_DATASET EXTRACT:_
——

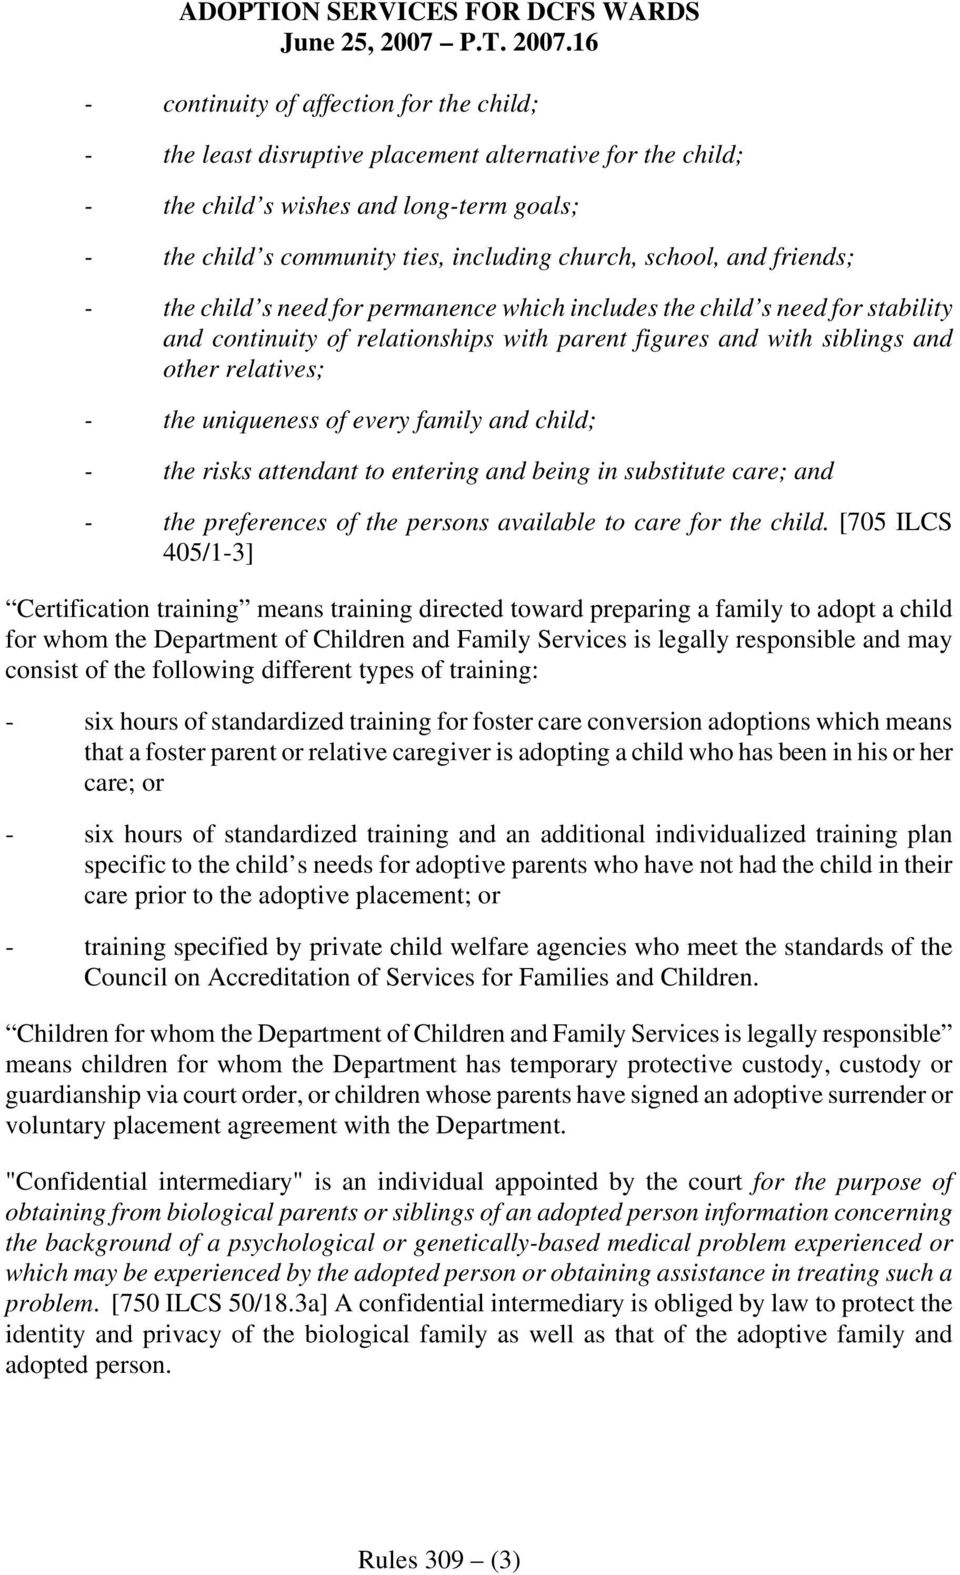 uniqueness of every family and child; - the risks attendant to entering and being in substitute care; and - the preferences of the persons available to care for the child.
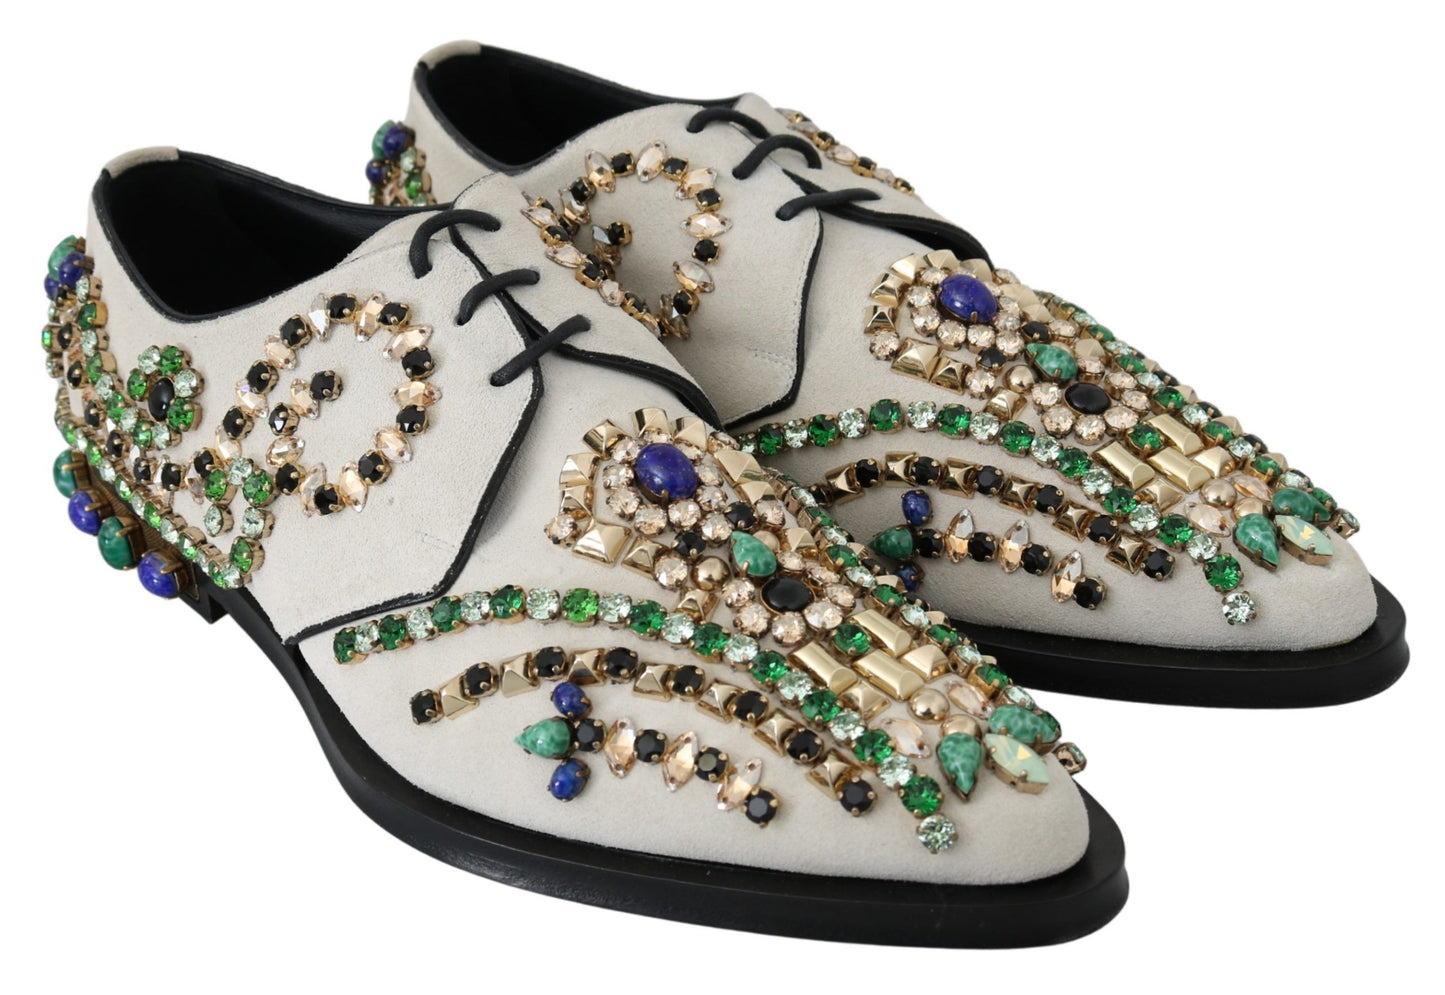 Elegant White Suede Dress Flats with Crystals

——

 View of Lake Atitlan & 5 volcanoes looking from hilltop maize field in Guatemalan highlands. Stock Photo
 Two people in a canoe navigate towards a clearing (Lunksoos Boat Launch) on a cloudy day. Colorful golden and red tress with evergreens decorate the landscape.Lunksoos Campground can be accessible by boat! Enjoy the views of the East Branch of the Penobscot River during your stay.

——

Repeat exactly the lines above, beginning at the one containing "uniqueness of every" and ending at the one containing "Elegant White Suede". Do not carry over any pictures.

 uniqueness of every family and child; - the risks attendant to entering and being in substitute care; and - the preferences of the persons available to care for the child.
 Elegant White Suede Dress Flats with Crystals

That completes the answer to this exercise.